→ **Record excerpts**

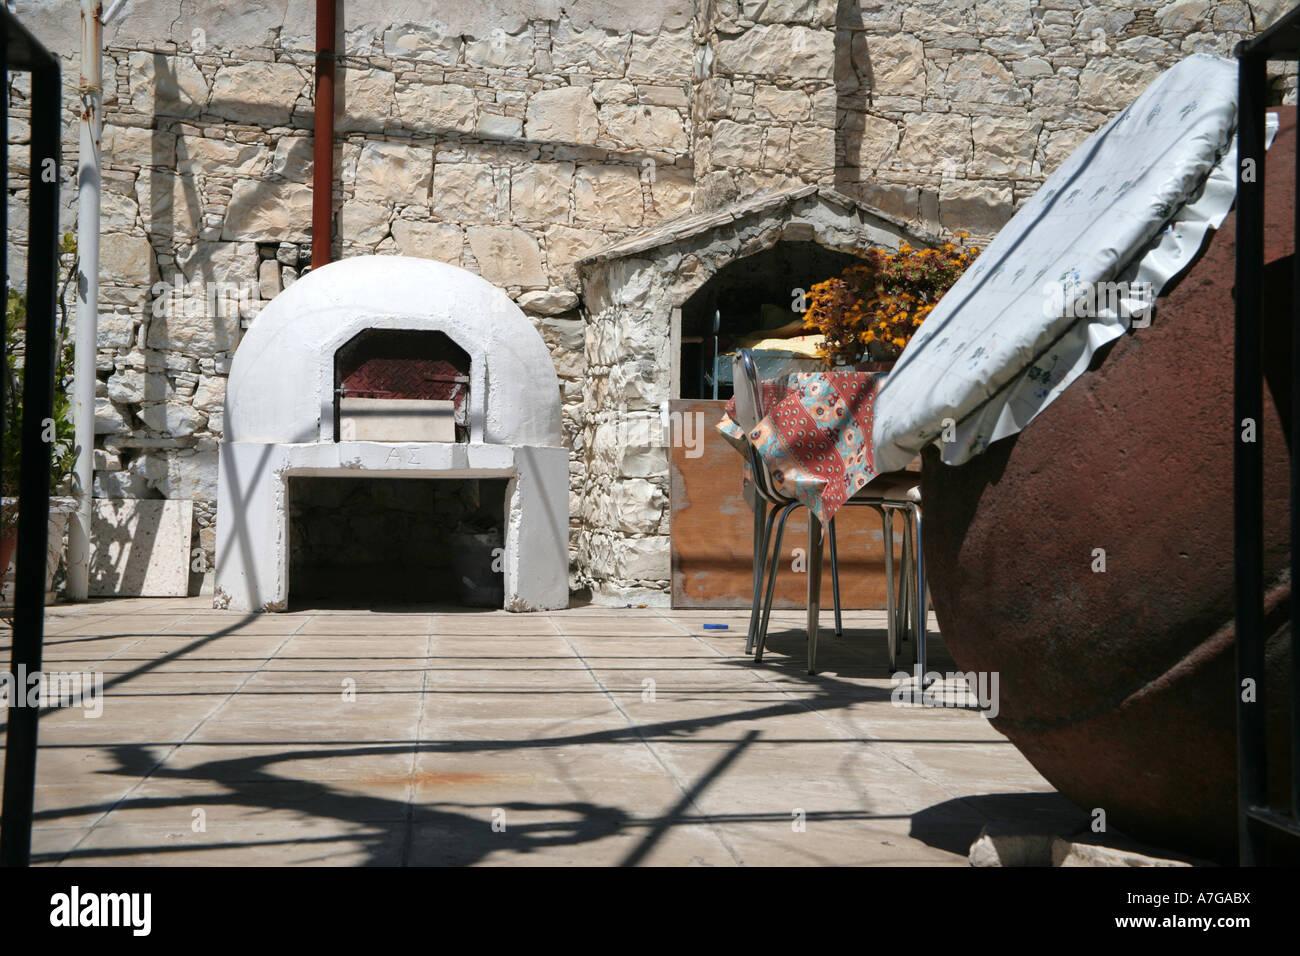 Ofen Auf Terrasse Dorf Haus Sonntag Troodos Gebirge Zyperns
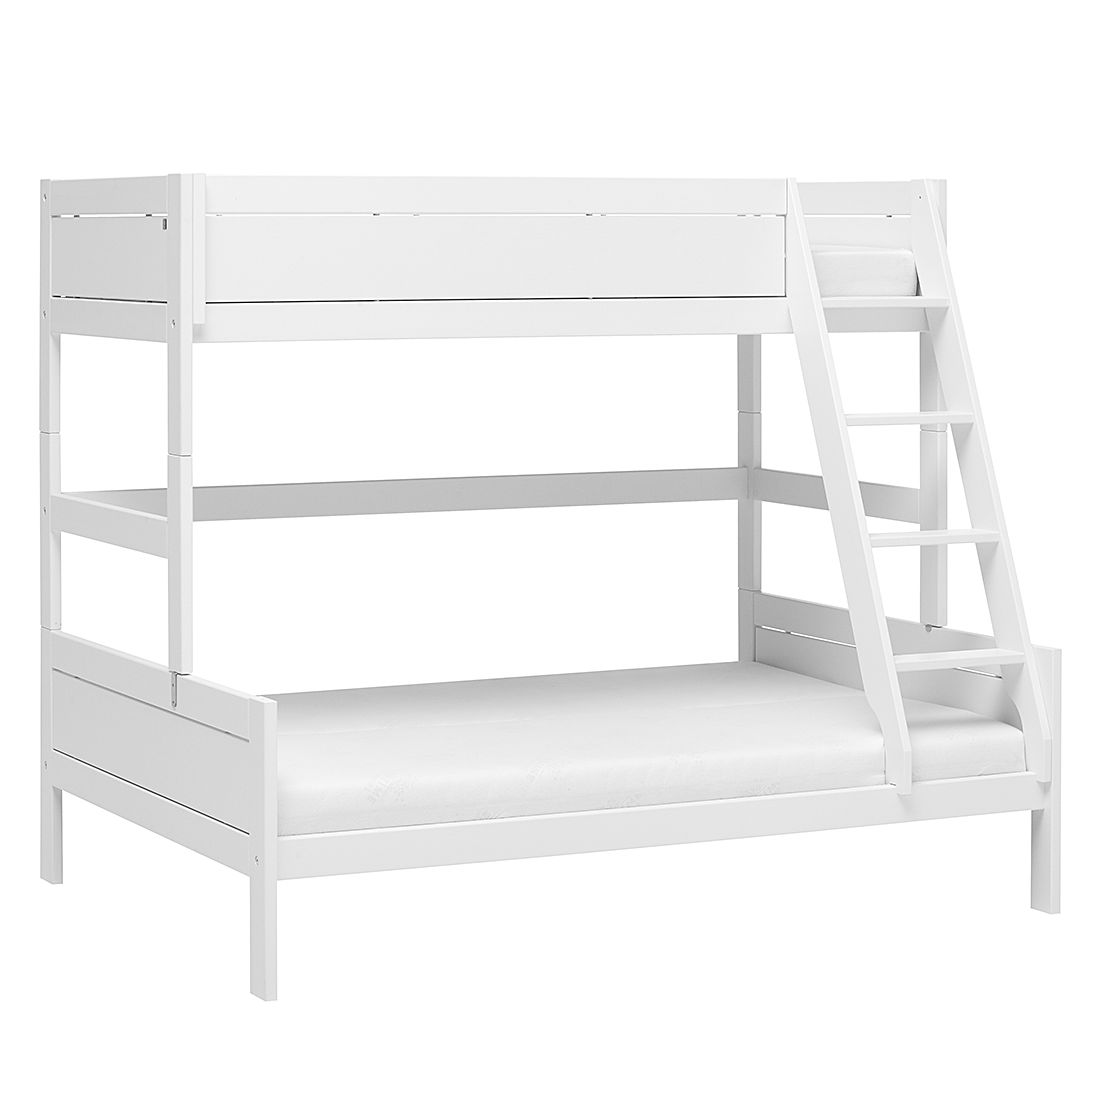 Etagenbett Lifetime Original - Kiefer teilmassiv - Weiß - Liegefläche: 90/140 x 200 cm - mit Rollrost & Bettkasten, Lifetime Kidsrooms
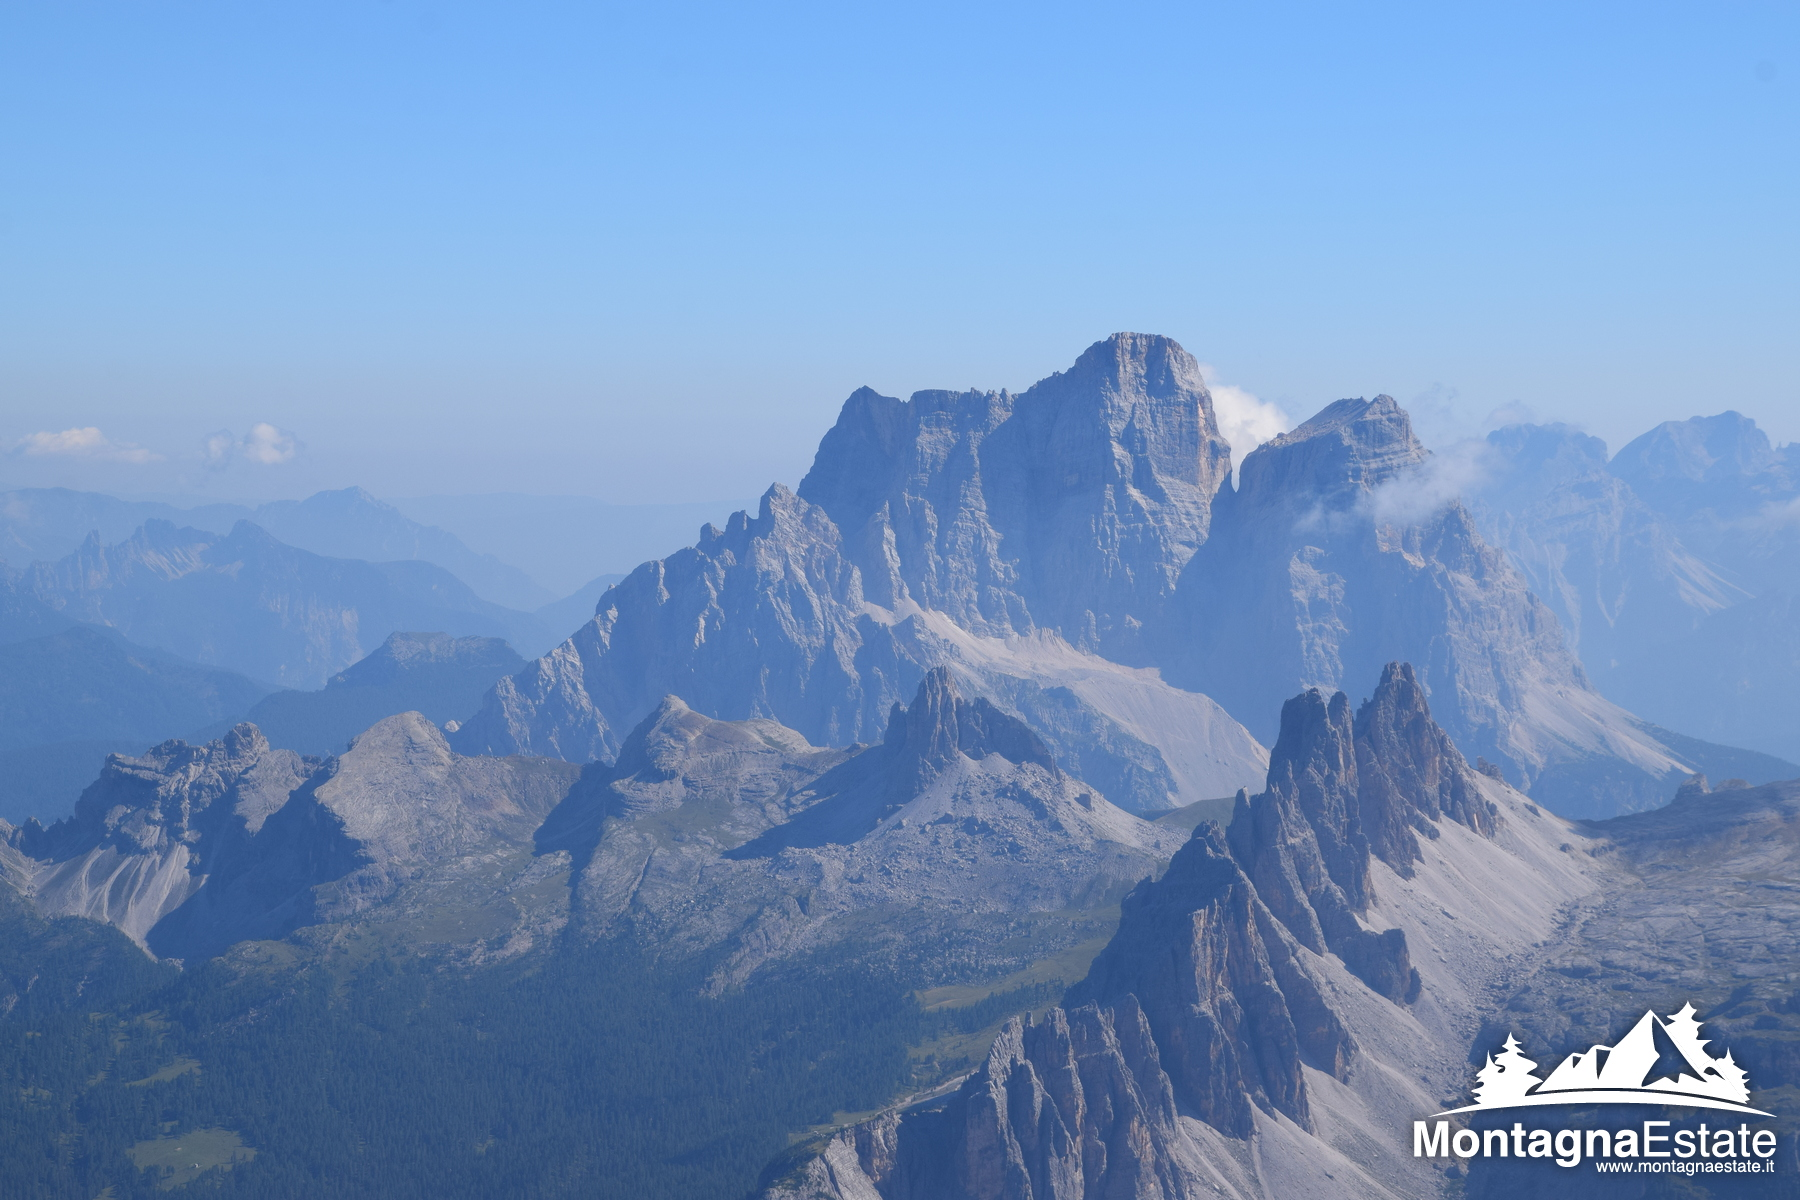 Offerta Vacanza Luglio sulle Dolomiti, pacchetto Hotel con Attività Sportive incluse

--

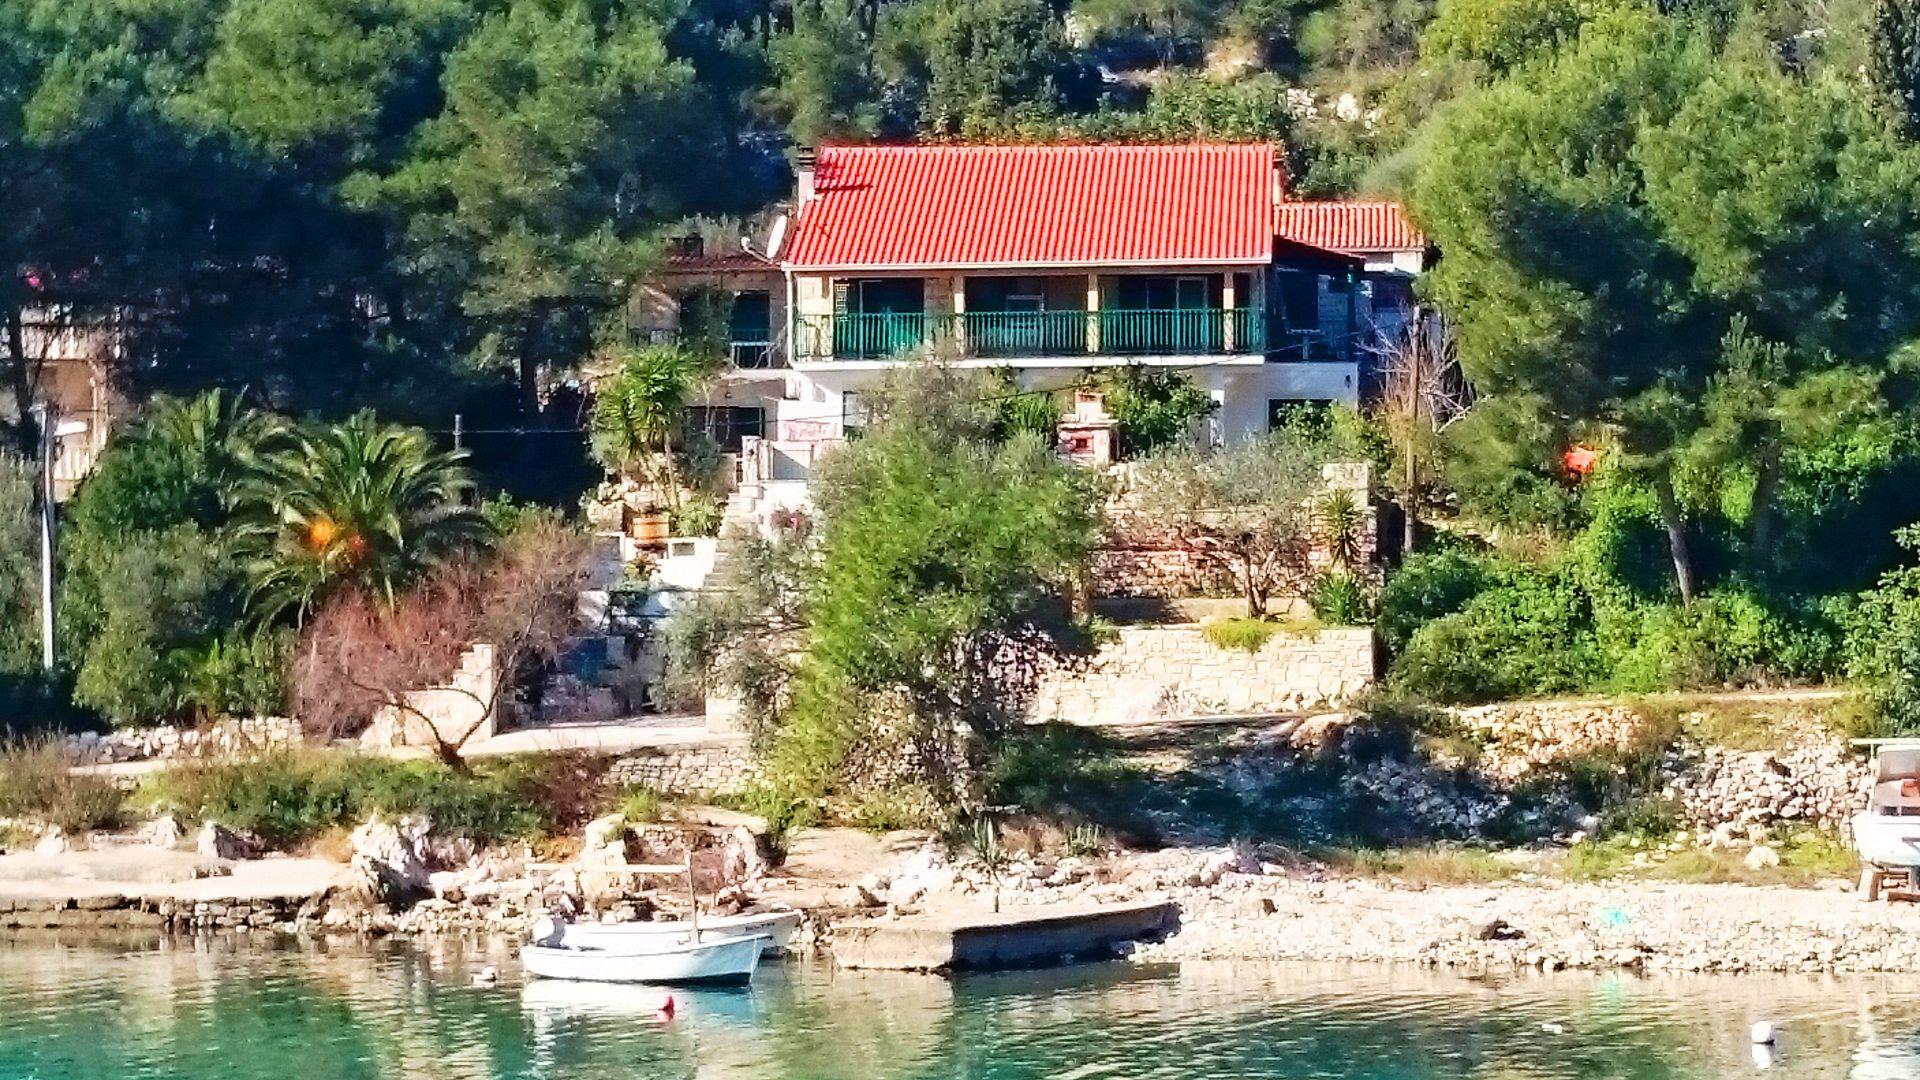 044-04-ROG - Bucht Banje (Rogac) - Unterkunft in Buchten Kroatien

→ **Work task**
Although the records above contain pictures, the copy should not; retype exactly the lines from the one containing "Ofen Auf Terrasse" through the one containing "Offerta Vacanza Luglio".

→ **Completed exercise**
 Ofen Auf Terrasse Dorf Haus Sonntag Troodos Gebirge Zyperns
 Etagenbett Lifetime Original - Kiefer teilmassiv - Weiß - Liegefläche: 90/140 x 200 cm - mit Rollrost & Bettkasten, Lifetime Kidsrooms
 Offerta Vacanza Luglio sulle Dolomiti, pacchetto Hotel con Attività Sportive incluse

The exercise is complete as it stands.